Emerging growth company ¨
If an emerging growth company, indicate by check mark if the registrant has elected not to use the extended transition period for complying with any new or revised financial accounting standards provided pursuant to Section 13(a) of the Exchange Act. ¨
Item 2.02. Results of Operations and Financial Condition.
Item 7.01. Regulation FD Disclosure.
On October 8, 2020, IBM issued a press release announcing its intention to separate its Managed Infrastructure Services unit of its Global Technology Services division into a new public company. The Company is hosting an investor webcast at 8:00 a.m. Eastern Time on October 8, 2020 relating to the separation.
The press release also included preliminary financial results for the quarter ended September 30, 2020. As the Company is currently in its normal financial closing process, these are approximate figures and are subject to revision until the Company reports its full third-quarter results as planned later this month.
Copies of the press release and the presentation materials are attached hereto as Exhibits 99.1 and 99.2, respectively, and incorporated by reference herein.

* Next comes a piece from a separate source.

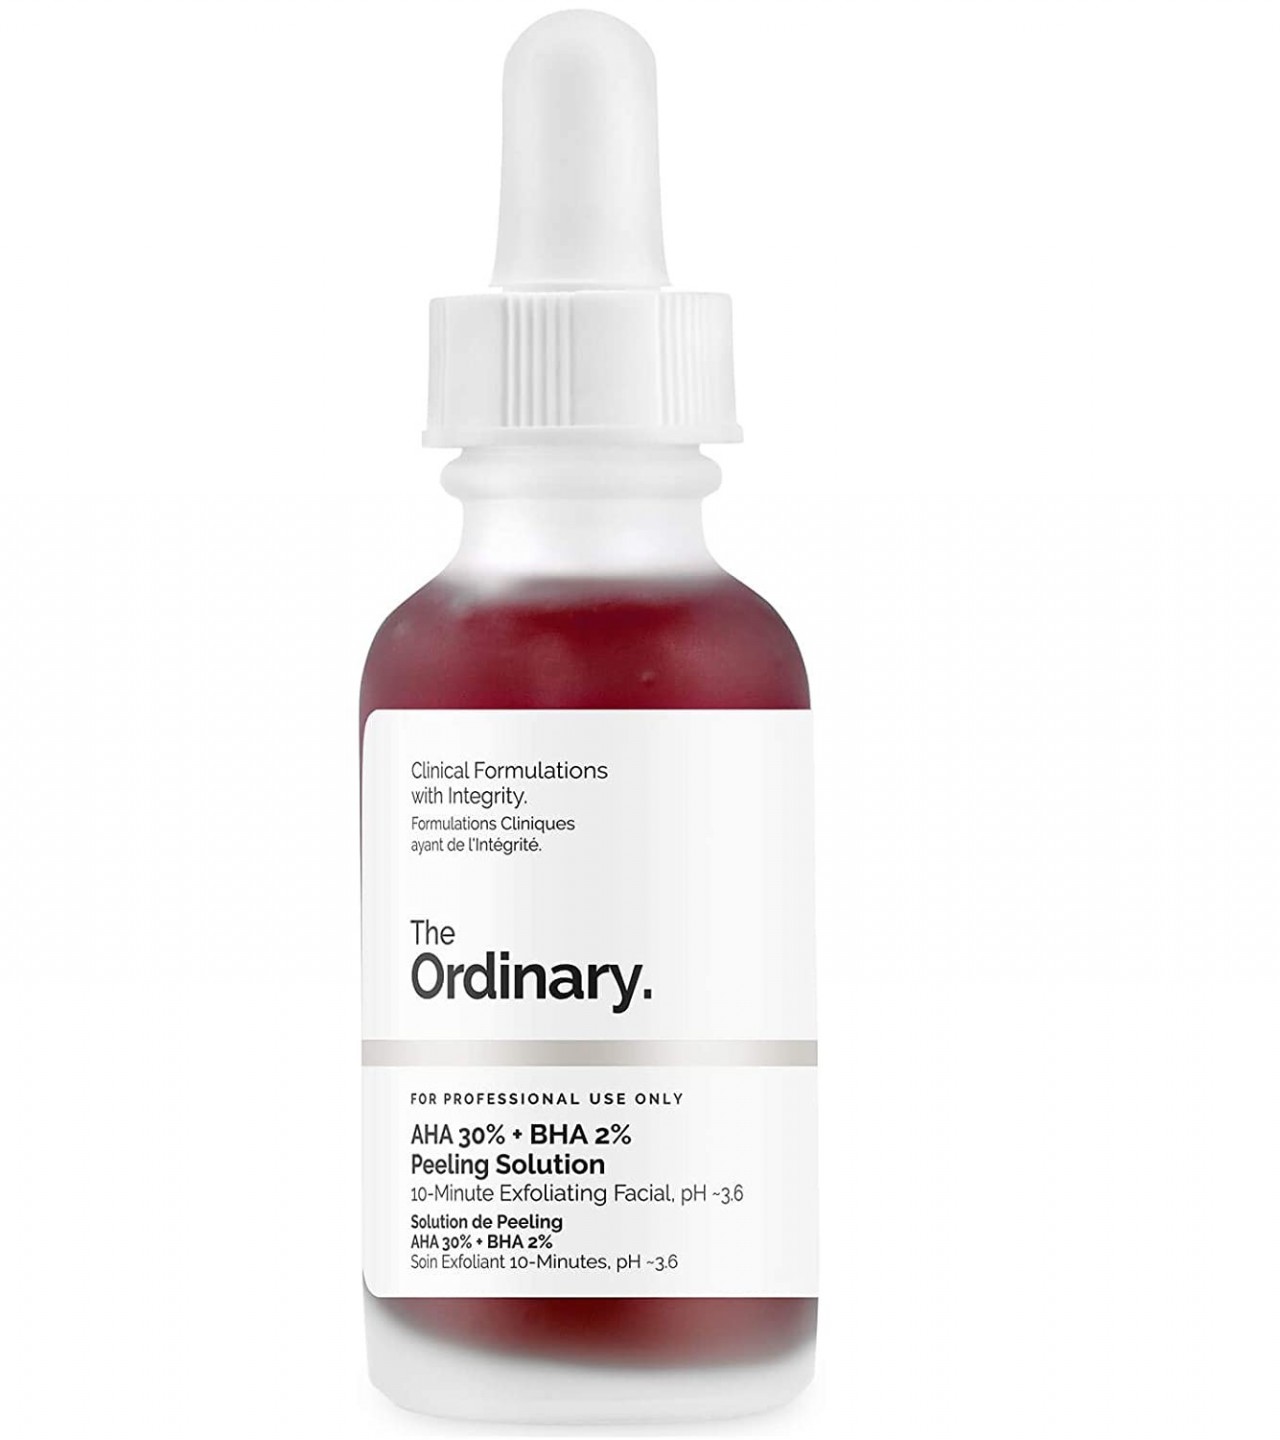 The Ordinary 5% Caffenie + EGCG Eye Serum Cream for Wrinkles Dark Circle Puffines - Red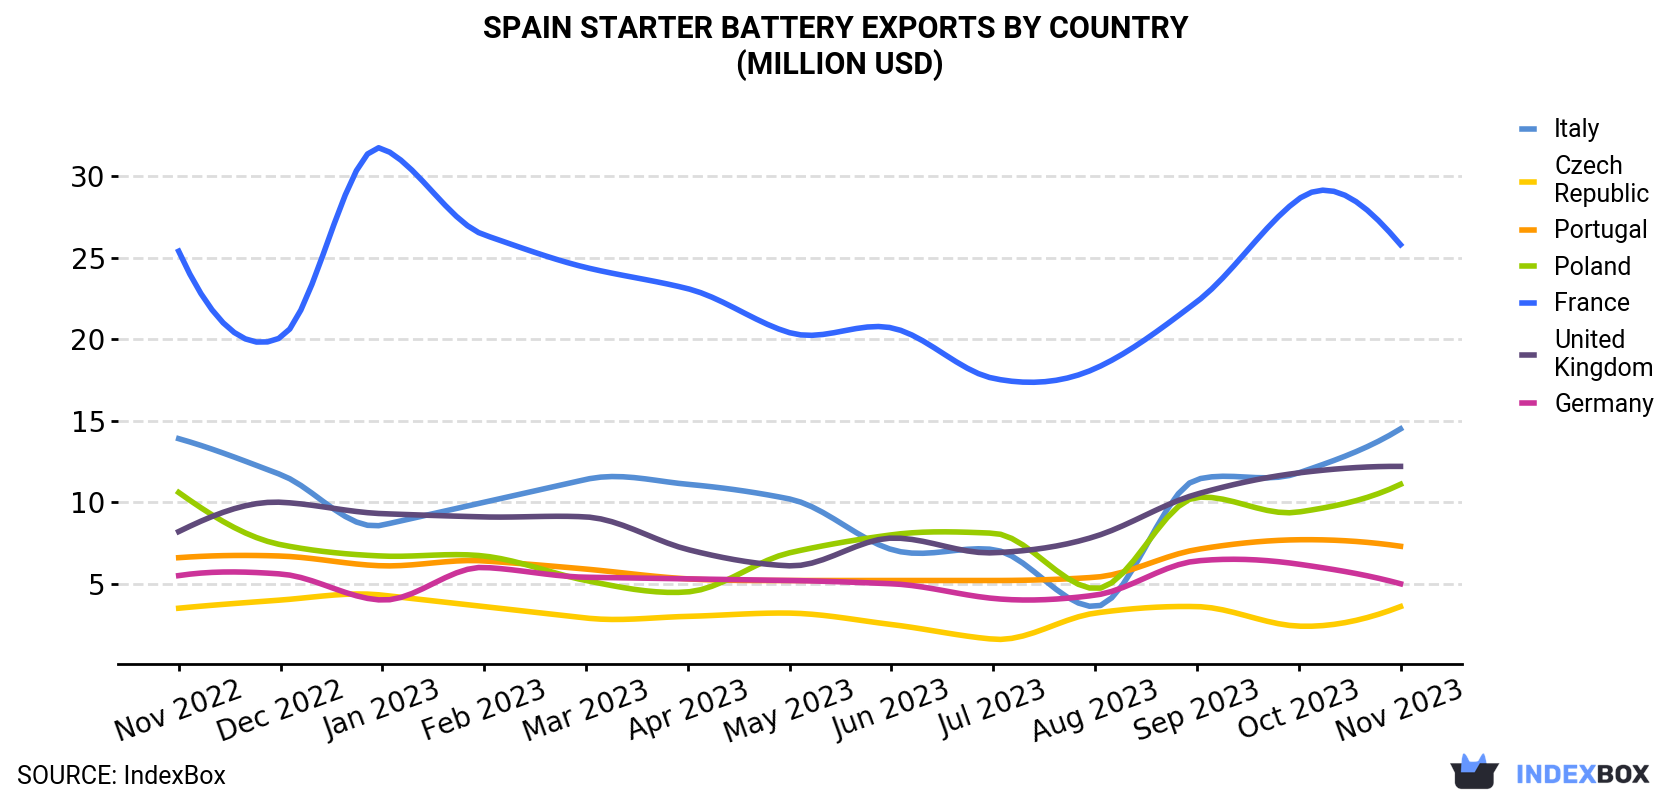 Spain Starter Battery Exports By Country (Million USD)

In an effort to provide investors with additional information regarding the Company’s results as determined by generally accepted accounting principles (GAAP), the Company has disclosed in the attached press release and presentation materials certain non-GAAP information which management believes provides useful information to investors. Reconciliations of these non-GAAP financial measures to the most directly comparable financial measures calculated and presented in accordance with GAAP are included in the press release, presentation materials and non-GAAP financial information, which are Exhibits 99.1, 99.2 and 99.3, respectively, to this Form 8-K. The rationale for management’s use of non-GAAP measures is included in Exhibit 99.3 to this Form 8-K.
The information in Items 2.02 and 7.01 of this Form 8-K, including the corresponding Exhibits 99.1, 99.2 and 99.3, is being furnished with the Commission and shall not be deemed “filed” for purposes of Section 18 of the Securities Exchange Act of 1934.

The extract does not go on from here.